Семь свечей

Да, это была судьба. Избрав Василия Сурикова историческим живописцем, она дала ему возможность родиться в тех краях и чеканить дух среди таких людей, которые почти не изменились с допетровских и петровских времен. Обстоятельства рождения, детства, отрочества и юности поставили Сурикова в обстановку исключительную: явившись на свет в самой середине ХIХ века, он оказался очевидцем событий, давших ему ключ к семи знаменитым картинам, которые потрясли мир.09.В течение трех столетий род Суриковых участвовал во всех походах, подвигах и бунтах Донского и Сибирского казачества. Дед Василия был атаманом Енисейского казачьего полка, воевавшего "собрание русских земель" со времен Ермака и, конечно, игравшего заметную роль в Красноярском бунте - мощном отголоске московских стрелецких мятежей. Отец дослужился лишь до сотника, ибо умер совсем молодым.

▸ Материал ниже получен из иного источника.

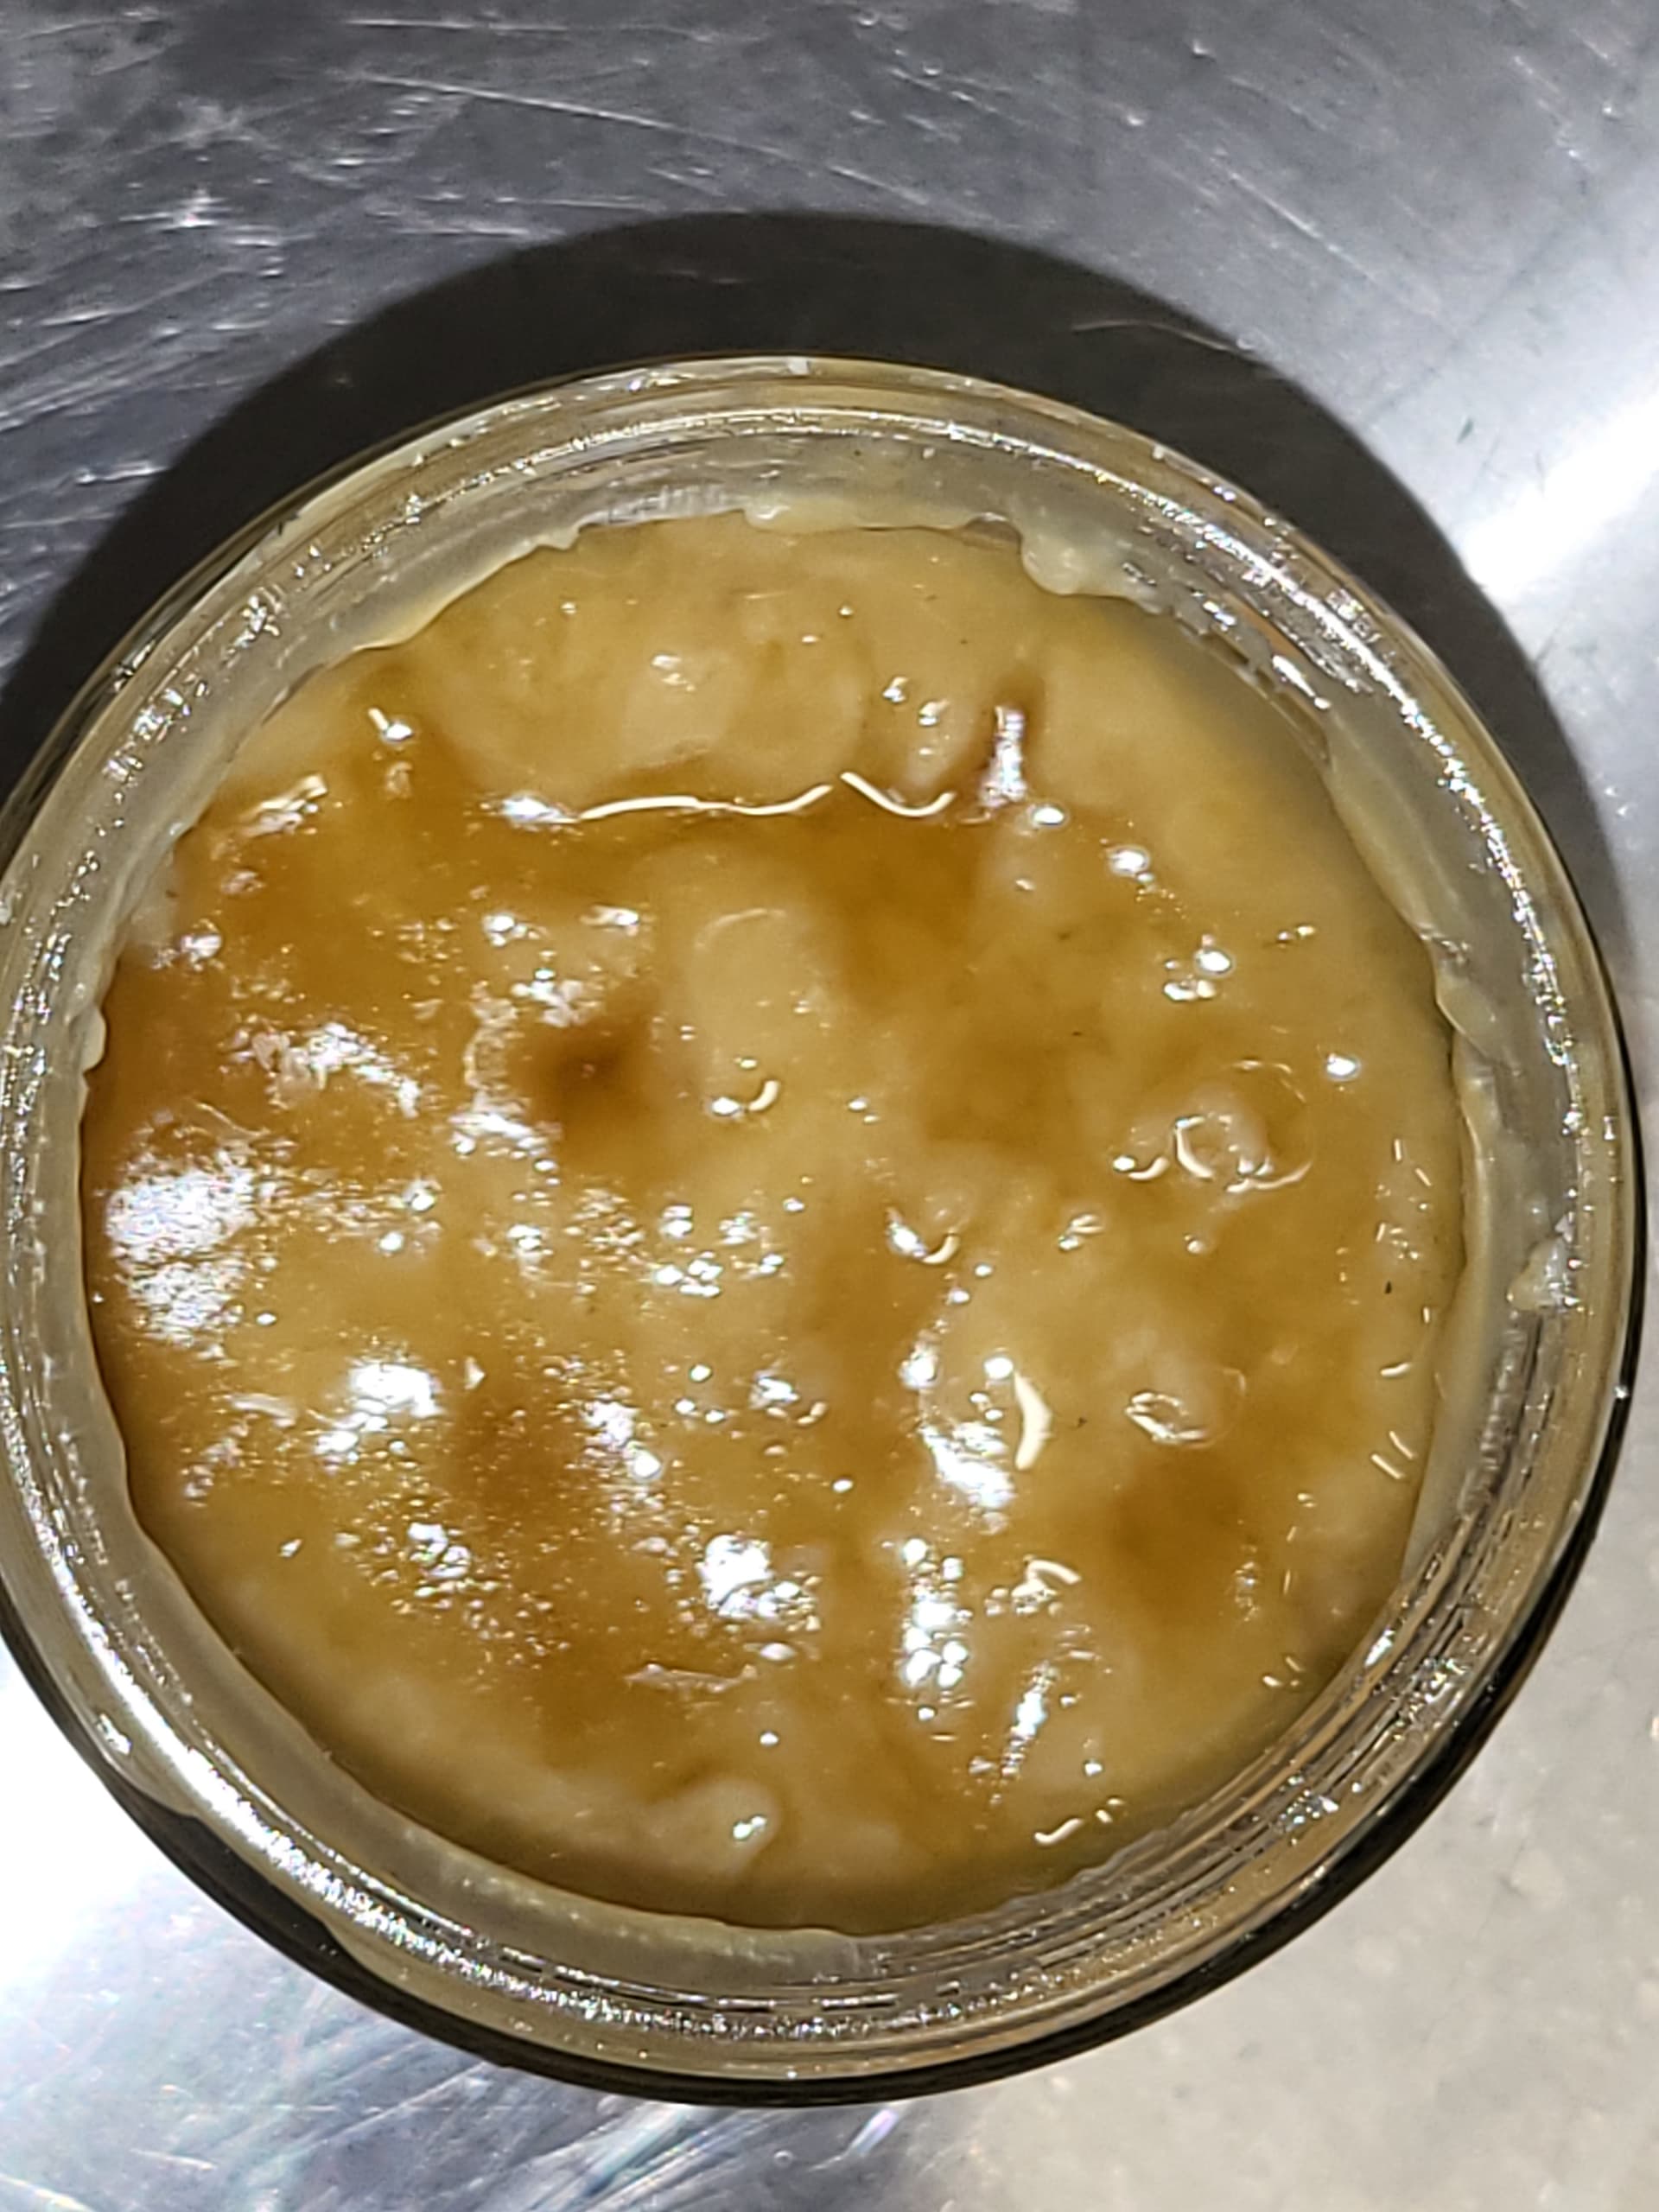 Dry sift rosin - Solventless - Future4200

Красноярск, в котором жила семья Суриковых, мало чем отличался от Красноярска давних казацких бунтов. Обычаи, традиции, характеры - все то же: на свадьбах и похоронах - старинные ритуалы, вокруг староверы, на берегу Енисея - языческие игры. "Помню, как "городок" брали, - рассказывал Суриков. - Городок снежный. И конь черный прямо на меня... Я его потом в картину вставил. Я много "снежных городков" видел. По обе стороны народ, а посреди снежная стена. Лошадей хворостинами - чей конь первый сквозь снег прорвется..." Мать Сурикова была из торговых казаков - Торгошиных. На всю жизнь запомнил он ее бывший девичий дом, где самый воздух казался старинным, древние иконы, костюмы.
Вася Суриков прошел "огонь, воду и медные трубы" лихого сибирского мальчишества: с пяти лет ездил верхом, с семи уже охотился, участвовал в опаснейших забавах. "На Каче - она под Красноярском с Енисеем сливается - с семиметровой плотины вниз по водопаду ныряли. Нырнешь, а тебя вместе с пеной до дна несет - все бело в глазах..."

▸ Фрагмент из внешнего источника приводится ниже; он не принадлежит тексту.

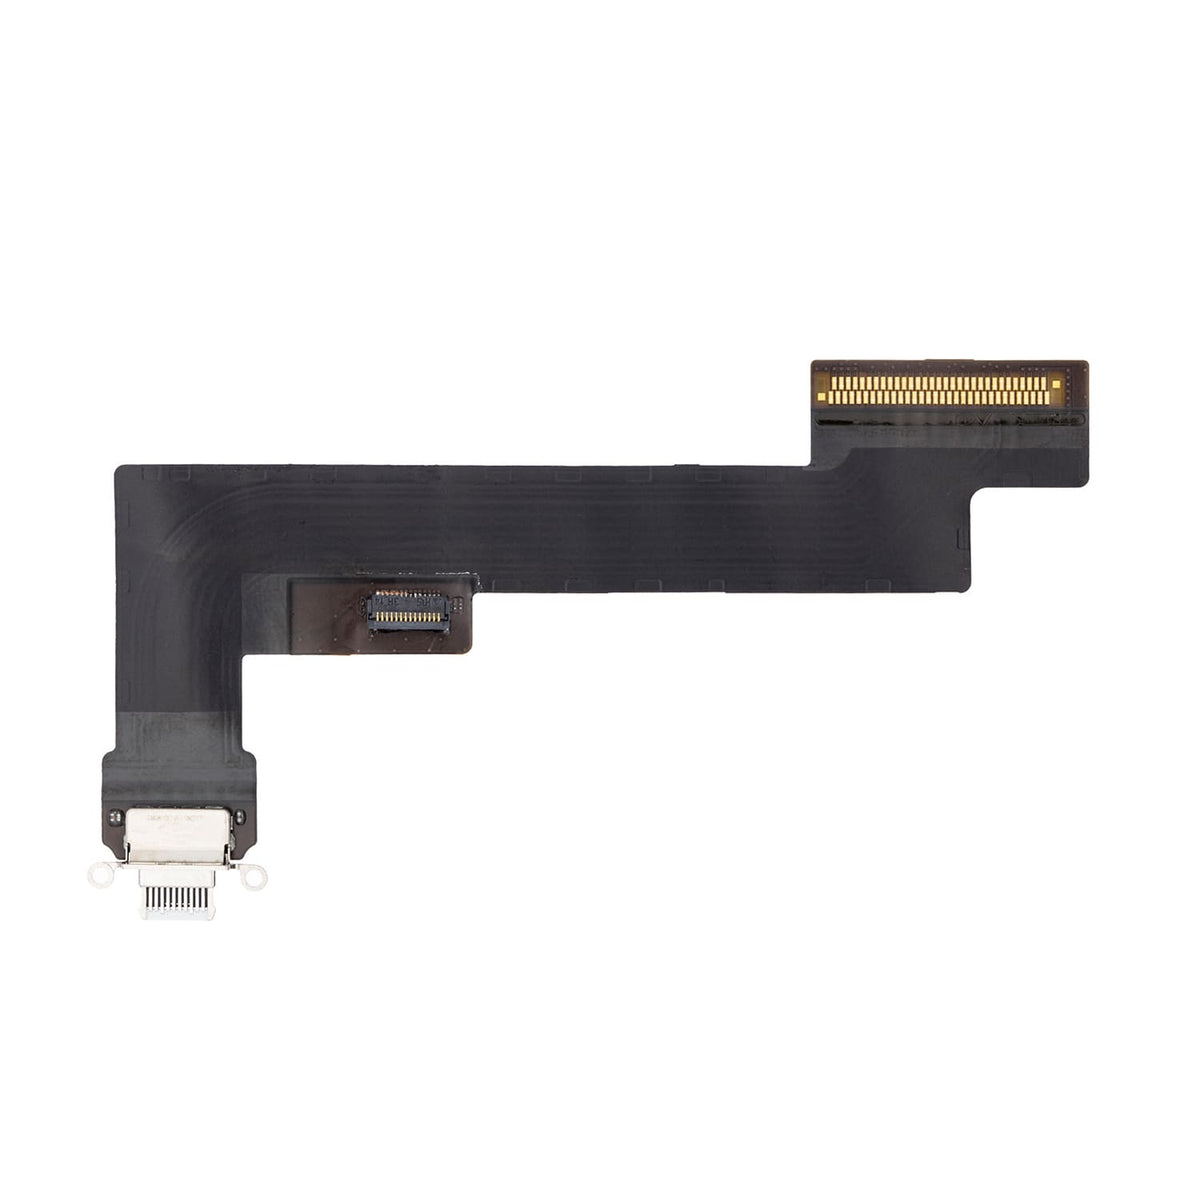 WHITE CHARGING CONNECTOR FLEX CABLE FOR IPAD AIR 4/5 WIFI VERSION

Cуровы и жестоки были нравы семнадцатого века в Сибири девятнадцатого. Именно здесь Суриков впервые увидел средневековую русскую казнь. "Бывало, идем из училища, а вокруг кричат: "Везут!" Мы на площадь бежим. Палачей любили, по именам знали. Рубахи у них красные, перед толпой похаживают, плечами поигрывают. Черный эшафот - красная рубаха: красота!"

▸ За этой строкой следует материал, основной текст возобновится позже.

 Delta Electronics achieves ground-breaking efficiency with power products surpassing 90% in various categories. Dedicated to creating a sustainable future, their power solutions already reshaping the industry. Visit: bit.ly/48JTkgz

Но пришел день, когда Вася Суриков содрогнулся. До глубины души потрясла, казалось бы, простая деталь: на площадь казни привезли в телеге молодого парня в белой рубахе, на фоне которой горела свеча, которую он, как покойник, держал на груди. Так и нес Суриков с собой этот образ до самого своего "Утра".
Его вело Провидение. "В шесть лет я Петра Великого с черной гравюры рисовал. А краски от себя: мундир синькой, а отвороты брусникой".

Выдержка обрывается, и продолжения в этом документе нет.